There is a difference between entitlement and gratitude: In the early part of my grief journey, I regularly questioned God as to why He chose me and my family to bear the burden of burying one of our family members at such a young age. After all, we had always done the right thing in our lives; because of that we were entitled not to bear this burden of grief. I soon discovered that there were many more parents whose children predeceased them. Connecting with them helped me learn gratitude for having them in my life and gratitude for the present moment.
There is spirit in everything and in everything there is spirit: Many parents that I know have been graced with signs from their children (as have I). Let the signs that you experience not only validate that our children are with us in a different from of energy, but allow you to see yourself as a truly spiritual being. If we can commit to this way of life, it allows us to see life and death differently. We can change our perspective on life and death, if we choose to do so.

All of these lessons have changed how I view the world. I am not the person I was before Jeannine’s death and frankly I don’t know if I could identify with that person. I have become a more loving, spiritual and centered individual as a result of the struggle with Jeannine’s death. Does it mean that I miss her physical presence any less or that I have achieved closure (a process that doesn’t apply to our journeys after the death of our children)? Absolutely not! My journey as a parent who has experienced the death of a child will be life long. I know that I can revisit the emotional pain of Jeannine’s death at anytime. Today, I don’t have the same dread about re-experiencing it. I am, however, more conscious of it and try to discover what my pain is trying to teach me. We can learn from everything, if we are open to it.

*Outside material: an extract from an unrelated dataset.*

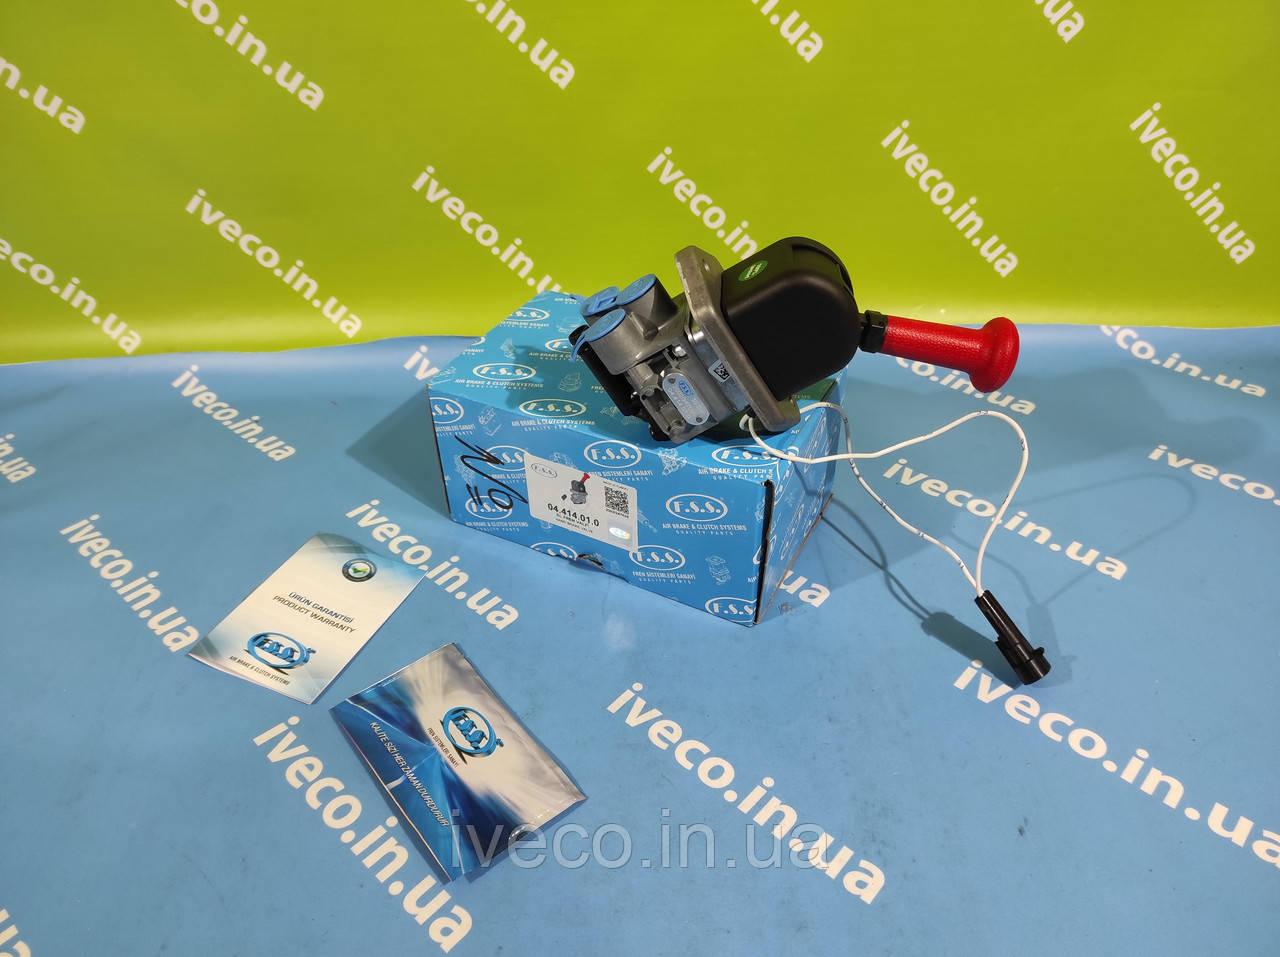 Кран ручника кран стояночного тормоза Iveco Stralis Trakker EuroCargo 41211127 500303741 DPM95AAX 98405732

David J. Roberts, LMSW, CASAC, became a bereaved parent after his daughter Jeannine died of cancer on 3/1/03 at the age of 18. He has been employed in the addictions field for 27 years and is also an adjunct professor in the psychology and psychology-child life departments at Utica College, Utica, New York. Mr. Roberts also developed a topics course on Parental Bereavement issues, and teaches a Death, Dying and Bereavement course for Utica College. He is a volunteer for Hospice and Palliative Care, Inc, in New Hartford, New York and a member of the All Inclusive Care for Children Coalition.